Ángel Lozano Ortega ejerce su derecho al voto en un colegio electoral de Valladolid
Elecciones en Castilla y León 2026
Así es votar con una discapacidad intelectual: la historia de Ángel
El centro San Juan de Dios de Valladolid promueve talleres y simulacros de voto para hacer las elecciones más accesible a todo el mundo
Ángel Lozano tiene 29 años y una discapacidad intelectual del 46 por ciento. Este 15 de marzo ha ejercido un derecho fundamental que, durante años, no siempre estuvo garantizado para todas las personas con discapacidad: votar. Lo hizo acompañado de su madre en la Universidad Miguel de Cervantes.
«Llevo votando desde que tengo 18 años. Me enseñaron mis padres: cojo mi voto y lo meto en la urna», explicó el joven tras salir del colegio electoral. Para él, participar en las elecciones es algo habitual, una forma de ejercer su autonomía y de formar parte de la vida democrática como cualquier otro ciudadano.
Su madre, Montse Ortega, aseguró que gestos como este tienen un gran valor para su independencia. Acompañarle a votar no es solo un trámite, sino una manera de que pueda participar activamente en decisiones que afectan a toda la sociedad.
La experiencia de Ángel refleja la importancia que tiene para todo el mundo comprender el proceso electoral y ejercer su derecho al voto con seguridad. Precisamente con ese objetivo, el centro San Juan de Dios ha desarrollado una iniciativa para acercar las elecciones a personas con discapacidad intelectual, a través de un simulacro de voto.
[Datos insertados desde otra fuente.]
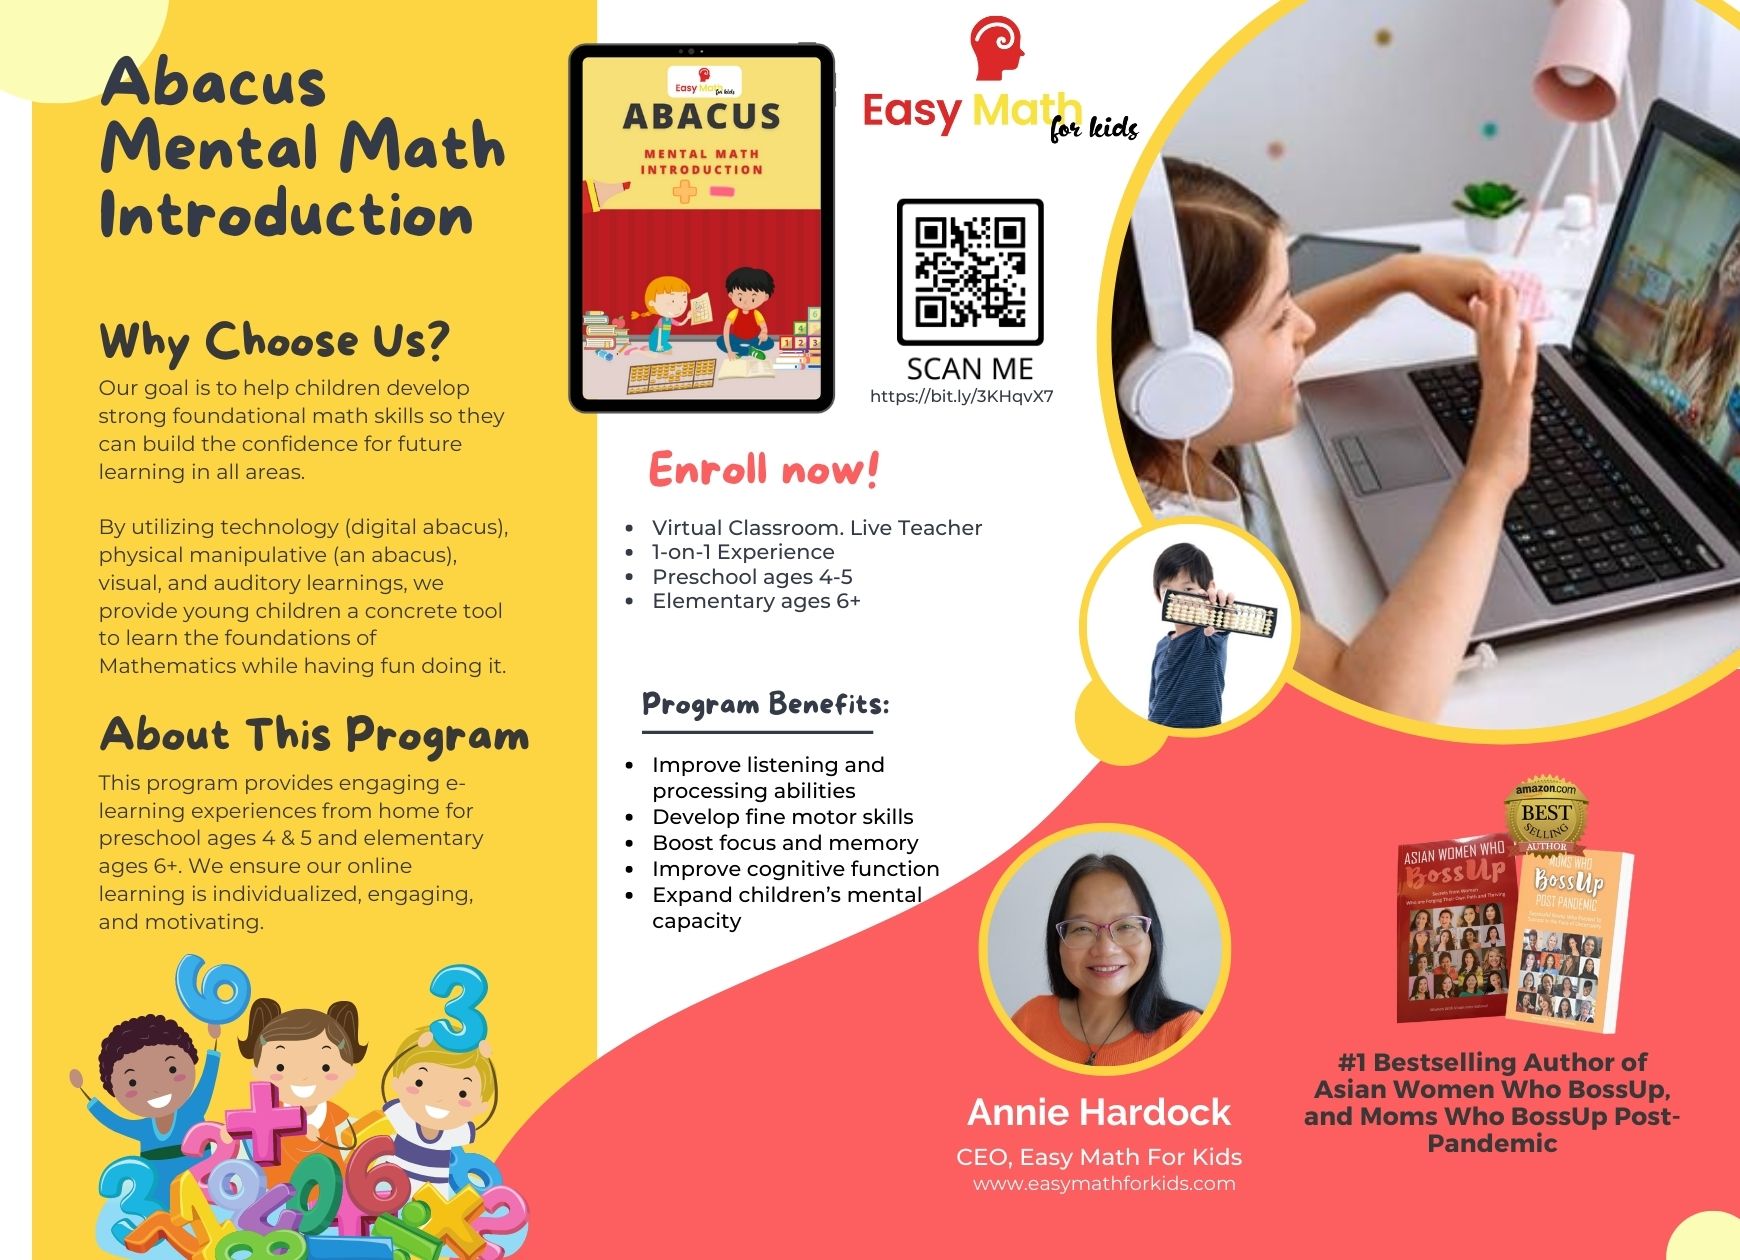 Abacus Mental Math Introduction

Ángel Lozano Ortega, momentos antes de votar, en Valladolid
A través de talleres, materiales adaptados en lectura fácil y un simulacro de votación, el proyecto ha permitido que los participantes comprendan tanto el funcionamiento de las elecciones como el significado de su voto. Los asistentes practican cada paso del proceso: localizar las papeletas, elegir una opción y depositarla en la urna.
«Había una doble dificultad: entender el proceso en sí y comprender el contenido del voto, qué implica elegir una opción política u otra», explicó la directora técnica del centro San Juan de Dios, Noemí Silva. Por eso, el trabajo se ha centrado en ambas cuestiones para que las personas puedan realizar un voto consciente.
El proyecto surgió a partir del interés de los propios usuarios. «Trabajamos teniendo en cuenta los intereses de las personas a las que apoyamos y una de ellas quería ejercer su derecho al voto. A partir de ahí se desarrolló el proyecto para acercarles al proceso electoral», señaló Silva.
Que todo el mundo comprenda el proceso
Para facilitar el aprendizaje, el centro organizó un simulacro que reprodujo fielmente lo que ocurre el día de las elecciones. Los participantes asumieron distintos roles y practicaron cada fase del proceso. «Intentamos que hagan exactamente lo que van a hacer cuando vayan a votar de verdad. Eso les da mucha seguridad», explicó.
Ángel Lozano Ortega, de 29 años y una discapacidad del 29 %, ha votado este domingo en Valladolid
Desde el centro reconocen que el sistema electoral ha avanzado en materia de inclusión, aunque consideran que todavía hay margen de mejora. «Es un horizonte al que debemos llegar: que todo el mundo pueda comprender el proceso. La lectura comprensiva debería llegar a toda la población», afirmó Silva, quien también destacó el papel de los equipos de validadores que revisan los materiales adaptados para garantizar que sean comprensibles.
El objetivo final es que el derecho al voto pueda ejercerse con libertad, comprensión y sin influencias externas. Algunas personas pueden votar de forma totalmente autónoma, mientras que otras necesitan apoyo, algo que también ocurre con ciudadanos que tienen otro tipo de dificultades, como movilidad reducida.
Historias como la de Ángel muestran precisamente el sentido de este tipo de iniciativas: una democracia más inclusiva en la que todas las personas puedan participar. Porque, más allá del gesto de depositar una papeleta, votar significa formar parte activa de la sociedad.